Sunday, November 15, 2009

Mocha, Latte, or Americanna?




Many OU art students attended the Mocha Club meeting last Friday night to hear live acoustic music and hold a bake sale at the Loft located on Campus Corner.




The Mocha Club was a non-profit with the mission of helping to build infrastructure and providing basic necessities for people in Africa. They encourage people to give up two mocha's a month and give $7 to the mocha club to help build schools and provide education and water.




The hip new band called Lauren Band preformed on Friday night. Many art students love Lauren's band because she plays mellow tunes acoustically with the help of bongo drums.




"She is an amazing singer, and every song she played she transformed it to give the song a new feel," Senior Carmany Phillips said. "They would take a pop song and make it a slow song. They did great."




The Mocha Club also held a bake sale with tons of goodies for the art, music, and givers to buy which would help fund their cause.




"I liked how the Mocha Club used art and music to make people interested in their cause,"music lover and OU sophomore Bailie Gregory said. "It also set a really chill mood."




The Mocha Club was founded a little over five years ago, and holds meetings in almost every town to try to make a difference not just in the community, but the nation.

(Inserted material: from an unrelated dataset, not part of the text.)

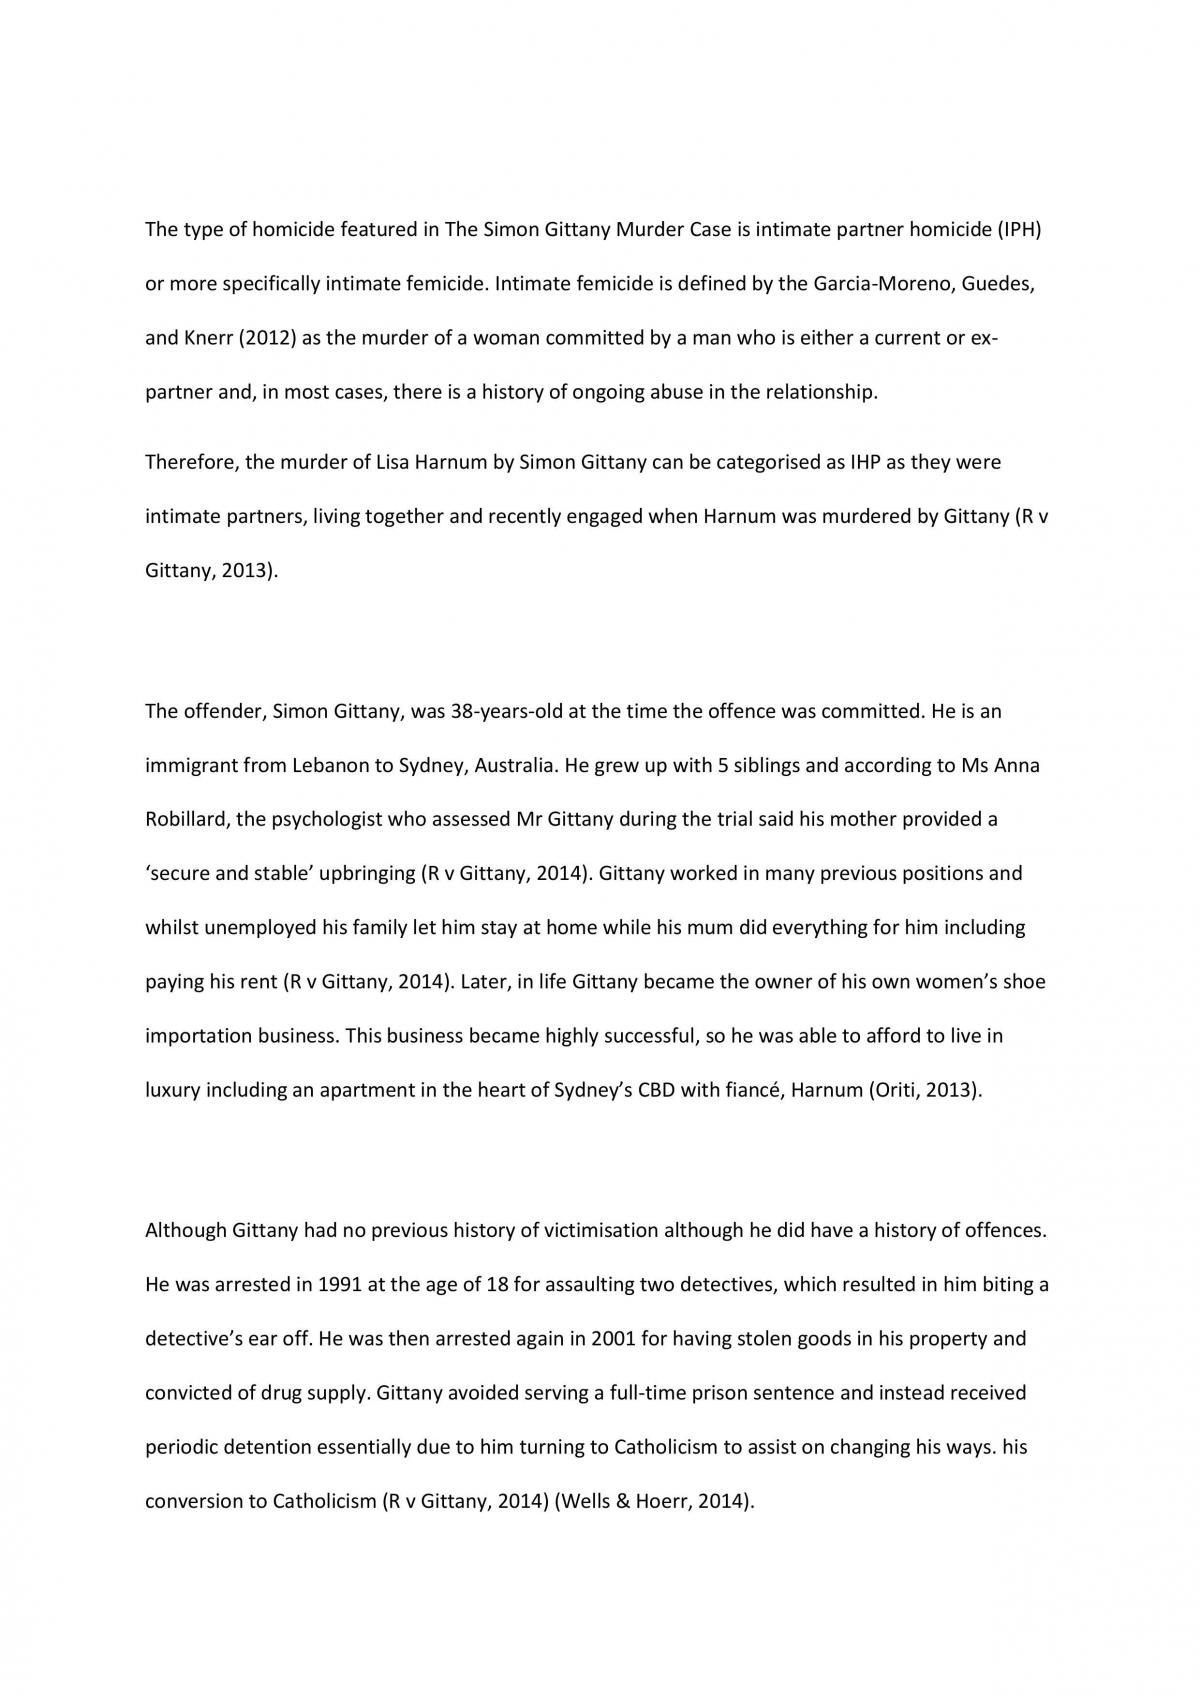 Simon Gittany Case Study - Page 1

"I think it's awesome how their cause puts everything into perspective," Gregory said. "I can buy a mocha or I can give an impoverished child clean water for a month. It's crazy how privileged we are in America and how much we take for granted when there is so much need in other parts of the world."




For more information on a Mocha Club in your area, please contact http://www.mochaclub.org/ or www.facebook.com/mochaclub.

Sunday, November 8, 2009

It's All In Brooklyn




The Brooklyn Flea market is an event where vintage clothes, jewelry, and artwork are sold. the University of Oklahoma's Magazine Interest group went this past Saturday to shop, visit, and experience a new world of vintage, endlessly aging art.




MIG went to New York to meet with the editors of People, Glamour, New York Times Magazine, and parenting magazines in New York for a chance at understanding the jobs of the various types of editorial positions. Their free day finally came on Saturday where a handful of the went with professor Katheryn Jenson-White to walk across the Brooklyn bridge and go to the flea market.




"I like that it's different from the Oklahoma City flea market because it's like a garage sale and in New York it's like a vintage shop instead," Journalism sophomore Chinh Doan said.




Th flea market had a variety of 1930-1980 artwork, clothes and jewelry all reasonably priced, and affordable to the average college student. The artwork there was very different than the artwork in Norman, Okla. because of the fact that it is a different culture and lifestyle.




"Where do I begin to talk about the wonder of art and cloture in New York," Magazine Interest Group advisor and professor of Journalism said. "Oklahoma has amazing museums, but in New York its museums are at a multiple of ten. Then when you add film, theater and architecture its such an amazing rush for the eyes and the mind that it can be overwhelming in the best way."




The flea market also had furniture and old vinyl records. But sophomore Austin Anderson was looking at a different form of art: fashion.




"Like any form of art, fashion as a form of art starts as an idea and it's a visual expression of how they feel," Public Relations student Anderson said.




Anderson and his mother have their own fashion blog that has attracted the attention to many of the famous stylists in the US such as Tim Gunn from Project Runway. Although Anderson only bought records, the flea market as a whole was interesting he said.




"I like to stand out, and everyone in Norman wears the same thing," Anderson said. "I can where stuff I always wear in New York and fit in whereas in Norman I couldn't."




Though there are many forms of art, many vintage paintings were sold at the Brooklyn flea market, and the students from OU saw them in many different ways.




"New York gives you more ways to interpret your views of art," Doan said.




The Brooklyn Flea market is held every Saturday on Lafayette Street and opens at 10 a.m. For more information please contact the City of Brooklyn.










Sunday, November 1, 2009

Italian Art Extravaganza :)




The Oklahoma Museum of Art could learn a hing or two from the Philbrook Museum of Art in Tulsa, OK.




Although many might not know it, the OKC Museum of art does not have many Italian Renissance Art pieces, but the Philbrook Museum caters to mostly Italian Medieval and Renassace period pieces.




The Philbrook museum is so interested in Italian art that it was designed to look like a 1920s Italian style villa and sits upon many very beautiful gardens.




"Opened in 1938 as Tulsa's first art museum, the building itself is the former home of oil magnate Waite Phillips and is now listed on the National Register of Historic Places," states the We site.




The museum also houses 8,500 art pieces that consist of Italian art, Native American and Asian art, and various sculpture.




The Philbrook is opened from 10 a.m. to 5 p.m. Tuesday through Sunday and on Thursdays stays open until 8 p.m. The price is $7.50 for general admission and $5.50 for seniors, students, or groups of ten or more.